With the patch, powertop reports good C3 residency and wakeups
remain very low. Seems to work. :)

I attached the powertop & turbostat output with this patch.

However, this confuses me. In a previous experiment in the
acpi_processor_setup_cpuidle() function, I replaced the pointer
to acpi_idle_enter_bm() with a pointer to
acpi_idle_enter_simple() even when bm_check is nonzero. With
that, I was able to get into C3, but the wakeups ballooned. But
the difference between what I did, and what you did, is the
difference between acpi_idle_enter_bm() with acpi_idle_bm_check()
returning zero and acpi_idle_enter_simple(). Those code paths
look almost identical.
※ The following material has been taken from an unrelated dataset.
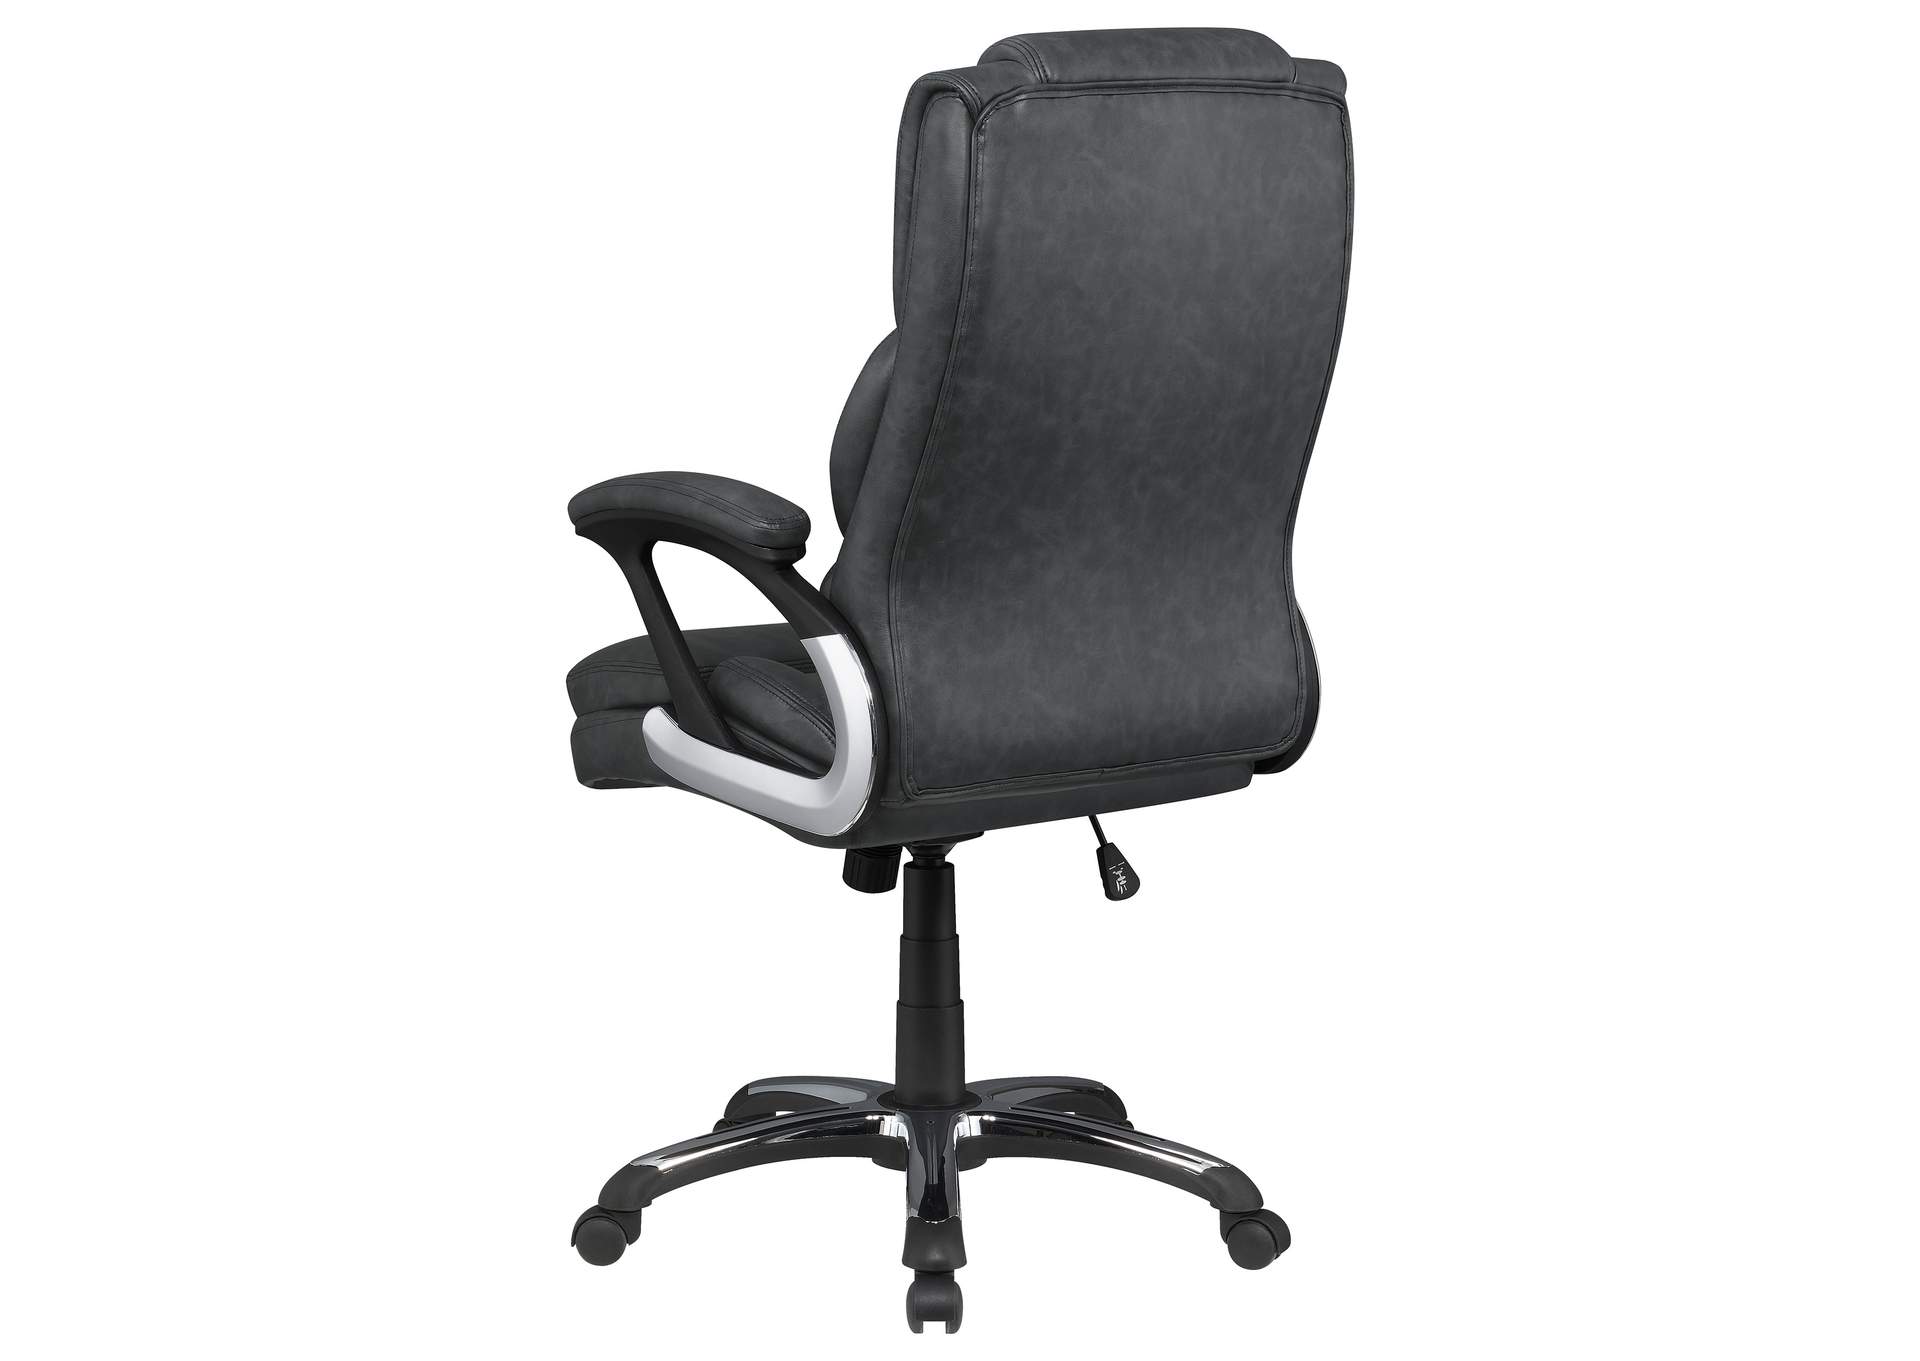 Nerris Adjustable Height Office Chair with Padded Arm Grey and Black,Coaster Furniture

The bm path calls acpi_unlazy_tlb(), and
doesn't appear to call the ACPI_FLUSH_CPU_CACHE(), and they call
sched_clock_idle_sleep_event() in different places. I don't
understand why any of these differences would have had any
significant effect on wakeups.

I'm left wondering if it's a problem on my part. I should repeat
that previous experiment and see if there really is something
significantly different there.

BTW, getting a bit off topic, but since the two code paths are
almost identical, is there any reason not to unite them?
Something like the attached patch might work?

Thanks,
Jeff
PowerTOP 1.12 (C) 2007, 2008 Intel Corporation

Collecting data for 15 seconds


Cn Avg residency
C0 (cpu running) ( 2.7%)
polling 0.0ms ( 0.0%)
C1 mwait 0.0ms ( 0.0%)
C2 mwait 0.0ms ( 0.0%)
C3 mwait 151.8ms (97.3%)
P-states (frequencies)
Turbo Mode 0.0%
2.67 Ghz 0.0%
2.54 Ghz 0.0%
2.40 Ghz 0.0%
1.60 Ghz 100.0%
Wakeups-from-idle per second : 6.4 interval: 15.0s
no ACPI power usage estimate available
Top causes for wakeups:
38.4% ( 11.2) [extra timer interrupt]
29.7% ( 8.7) [kernel scheduler] Load balancing tick
11.2% ( 3.3) [kernel core] hrtimer_start (tick_sched_timer)
7.1% ( 2.1) [Rescheduling interrupts] <kernel IPI>
6.9% ( 2.0) [kernel core] add_timer_on (clocksource_watchdog)
1.8% ( 0.5) events/3
1.6% ( 0.5) [eth0] <interrupt>
0.7% ( 0.2) [kernel core] __mod_timer (dev_watchdog)
0.5% ( 0.1) [ata_piix, ata_piix] <interrupt>
0.2% ( 0.1) [kernel core] __mod_timer (tcp_delack_timer)
0.2% ( 0.1) sshd
0.2% ( 0.1) [kernel core] enqueue_task_rt (sched_rt_period_timer)
0.2% ( 0.1) expr
0.2% ( 0.1) [kernel core] __mod_timer (cfq_idle_slice_timer)
0.2% ( 0.1) [kernel core] queue_delayed_work (delayed_work_timer_fn)
0.2% ( 0.1) [kernel core] __mod_timer (peer_check_expire)
0.2% ( 0.1) [kernel core] __mod_timer (neigh_timer_handler)
0.2% ( 0.1) [kernel core] __mod_timer (sync_supers_timer_fn)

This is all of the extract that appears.